I’ll be brief here. I am very, very busy and really don’t have time to blog today but I have a message and an insatiable desire to share it.
Ladies and Gentlemen: Please give your patients’ medications the attention required to ensure a safe and therapeutic outcome!
In reviewing clinical records for multiple clients, these are just a few of the things that I have seen with alarming frequency in the recent past:
- An abundance of Tylenol ordered to the extent that patients took all that was ordered, they would likely die of liver failure. But most don’t die of liver failure, so that begs the question of whether or not we are really checking medications as well as we should.
- Far too many narcotics and sedatives in the elderly population. If you stop and consider that falls are the number one cause of accidental death in persons greater than 65 yrs of age and that narcotics and other sedatives can only increase their risk of falls, all the little pieces start to add up to a lot of dead Medicare beneficiaries. If that doesn’t disturb you (and the fact that it might not, disturbs me), then remember, you cannot bill on patients after the date of death.
- Grossly inappropriate doses on the plans of care.
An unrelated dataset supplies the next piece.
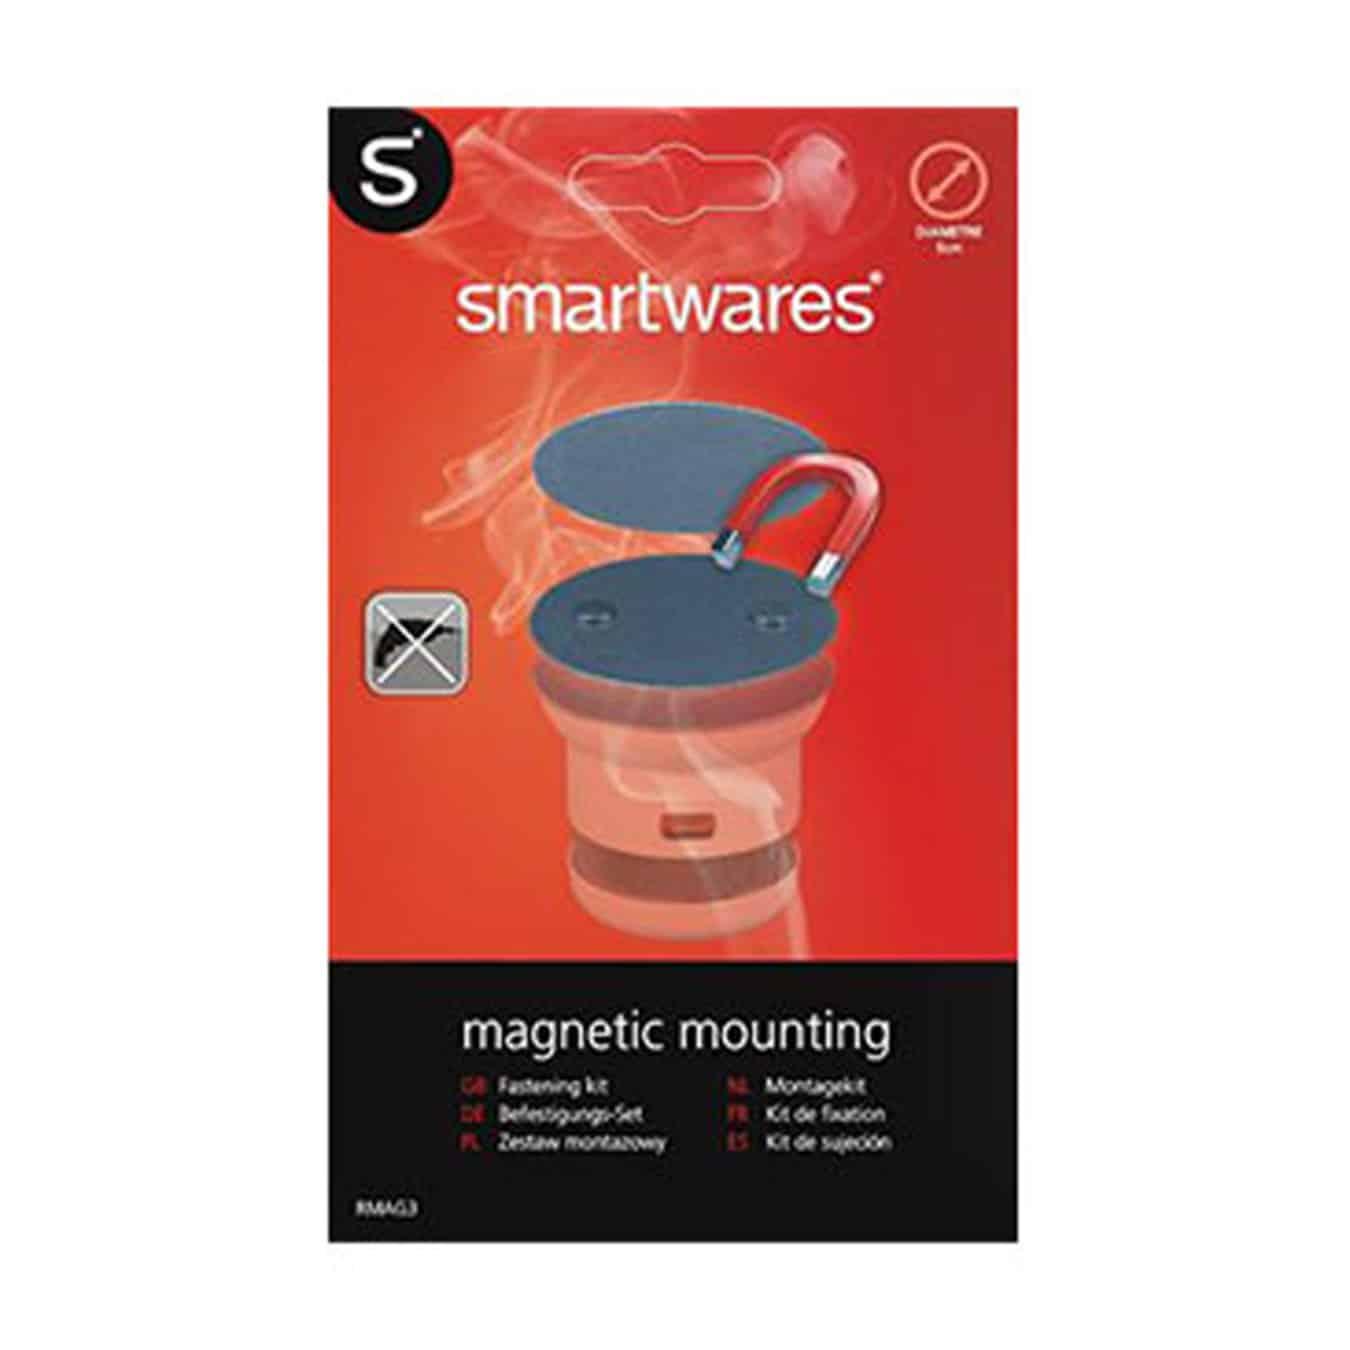 Koop Magnetische montageset RMAG3 - 50mm

What’s wrong with these orders?
- Scopolamine 10 mg i PO three times a day for dizziness.
- Lortab 10/650 one or two tabs every 4 hrs prn pain
- Duplicative drug therapy. Seriously, how many inhalers does one patient need especially if they all contain albuterol? Does Prilosec work better with Nexium enhanced by Zantac? Did I miss an FDA alert?
- Finally, how is it that a patient can go for an entire episode with no new orders for medications and yet the next 485 med list is radically different from the prior one? Does the patient routinely go to the doctor the day before the recert visit and get his meds changed? Surely, we aren’t missing any changes along the way. That would be so unlike a good home health care or hospice nurse.
Sorry for the sarcasm. I am barely keeping my head above water with all these clinical record reviews. One thing for certain is that as more and more agencies go to computerized point of care charting, bad information is going to be even more readily available to caregivers. And that scares me.
So, do me a favor. Write a comment about a medication error or potential error that you caught before harm was done to the patient. Tell the rest of us how you caught it and how you fixed it so we can learn, too.